FIG. 6 is a flowchart illustrating exemplary operation of the information processing device at a time of performing optimization using a machine learning result.

DESCRIPTION OF EMBODIMENTS

In combinatorial optimization, it is considered to search for an optimum solution by a continuous relaxation solving method using a machine learning model. However, it is difficult to obtain a plurality of solutions.

In one aspect, an object of the present embodiment is to provide a machine learning program, a determination program, a machine learning method, a determination method, a machine learning device, and a determination device capable of obtaining a plurality of solutions in a combinatorial optimization problem.

Optimization problems exist in fields of various industries including a manufacturing industry and a distribution industry. In particular, a combinatorial optimization problem for optimizing a combination is one of the most important fields in the field of optimization. The combinatorial optimization problem is applied in various fields such as transportation, logistics, communication, finance, and the like.

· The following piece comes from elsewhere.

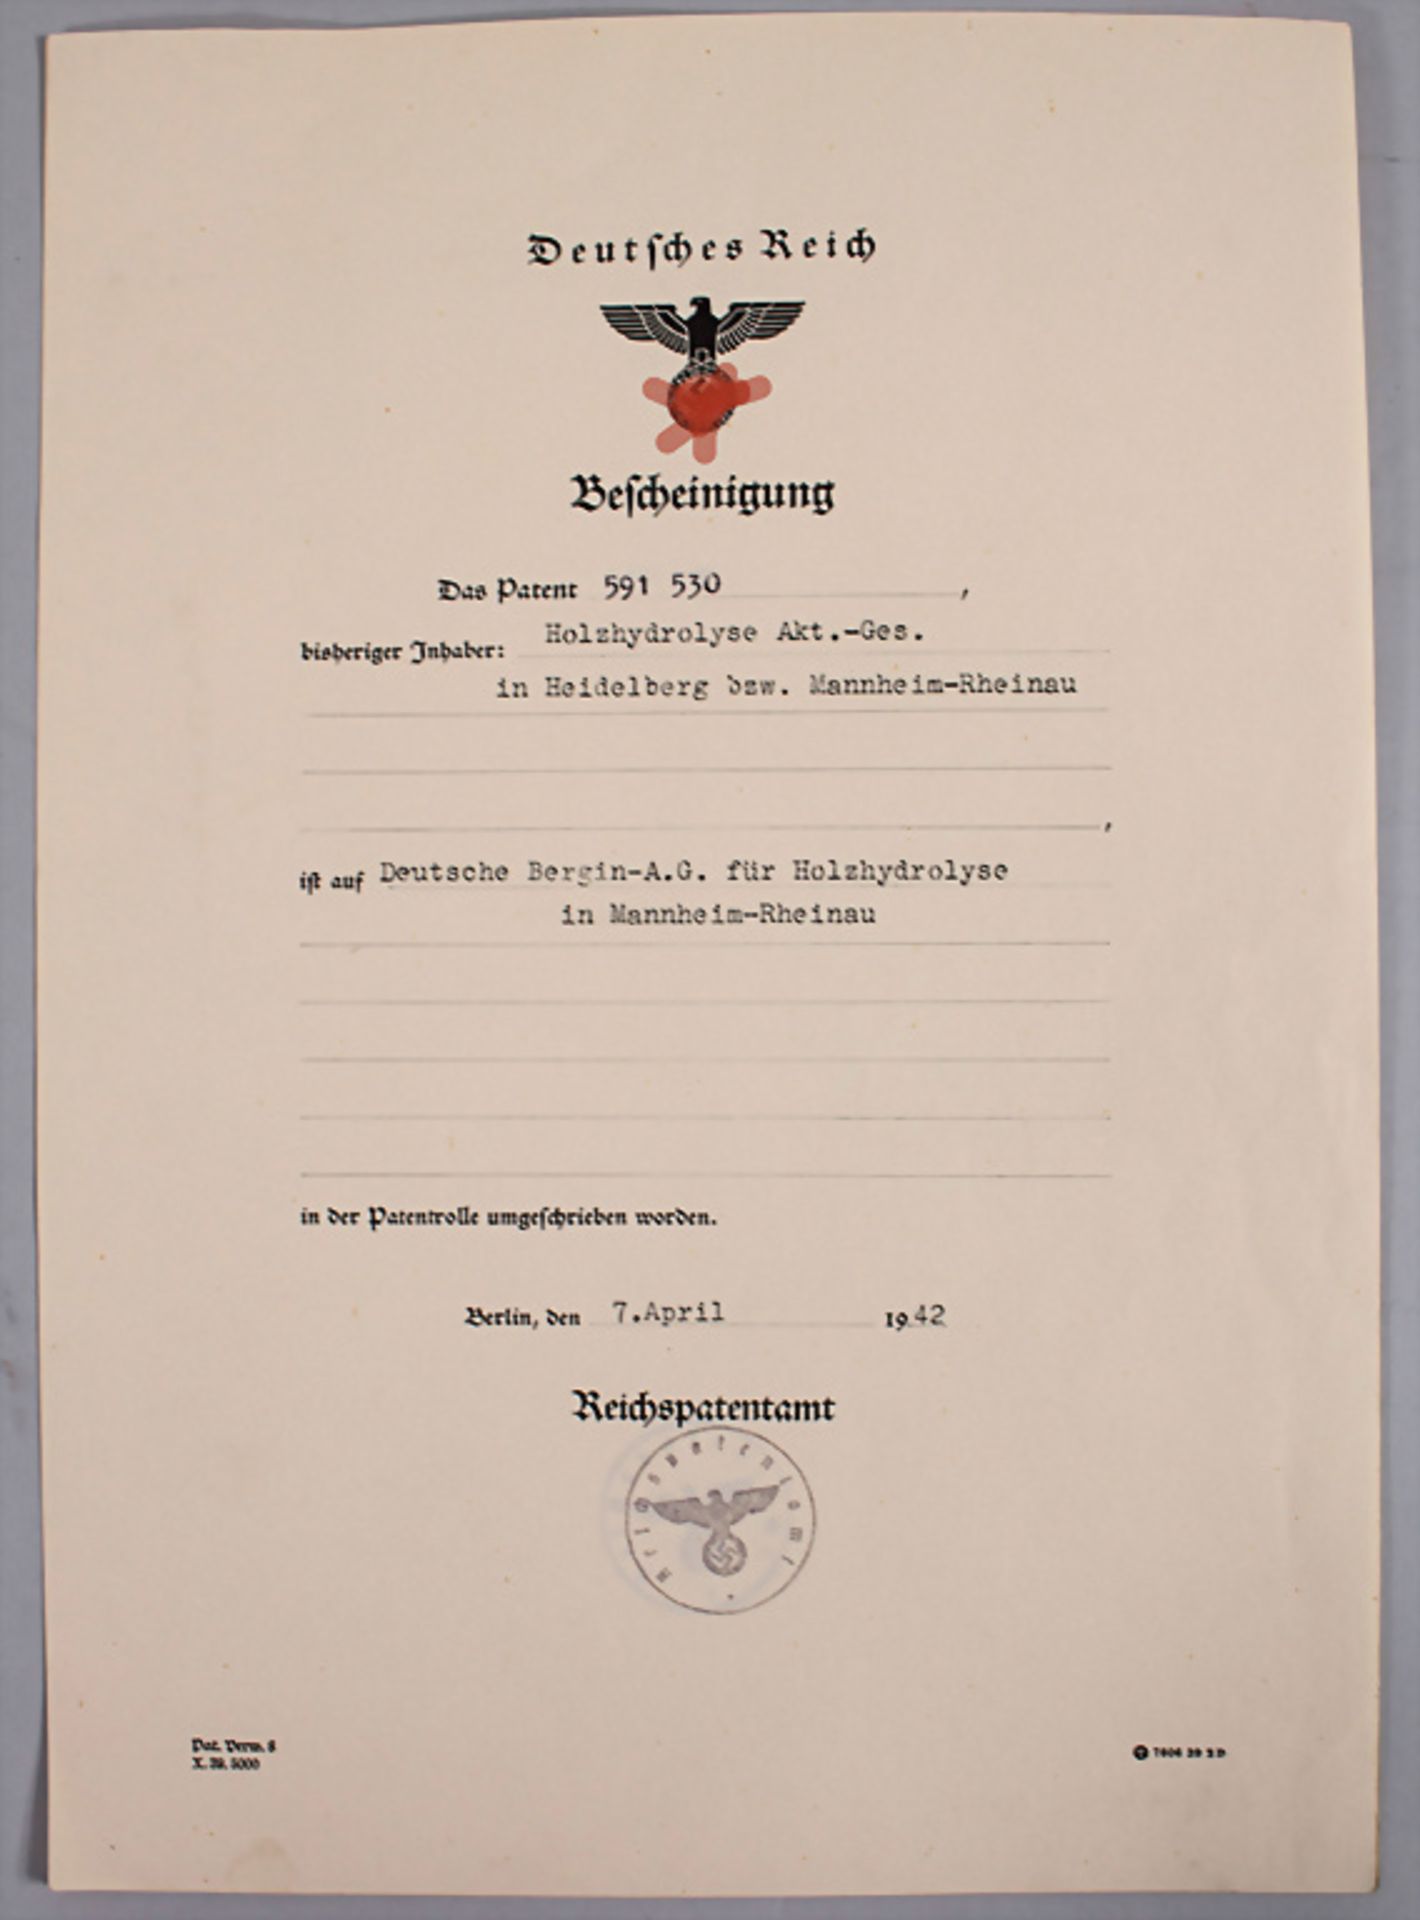 Patente der Holzhydrolyse Aktiengesellschaft Mannheim-Rheinau, um 1940 - Image 2 of 7

While a general-purpose solver, such as an Ising machine, searches for a constraint satisfaction solution using a penalty method, it is difficult to find a solution depending on a penalty coefficient. According to a local transition algorithm as in the Ising machine, only a local solution may be searched for, and it is difficult to obtain a plurality of solutions at a time.

With the development of information science, techniques aiming at high-speed solving of combinatorial optimization using machine learning have been developed. As one of the techniques, an optimization solving method based on continuous relaxation simulated annealing is exemplified. However, according to the optimization solving method based on the continuous relaxation simulated annealing, it is difficult to optimize a plurality of cost functions by a single training. Furthermore, it is needed to promote efficiency in a tuning operation of the penalty coefficient and to obtain various solutions.

First, the penalty method will be described. A constrained optimization problem is expressed by the following formula (1). The following formula (1) represents an optimization problem for minimizing C (x). Here, an equality constraint is expressed by the following formula (2), and an inequality constraint is expressed by the following formula (3).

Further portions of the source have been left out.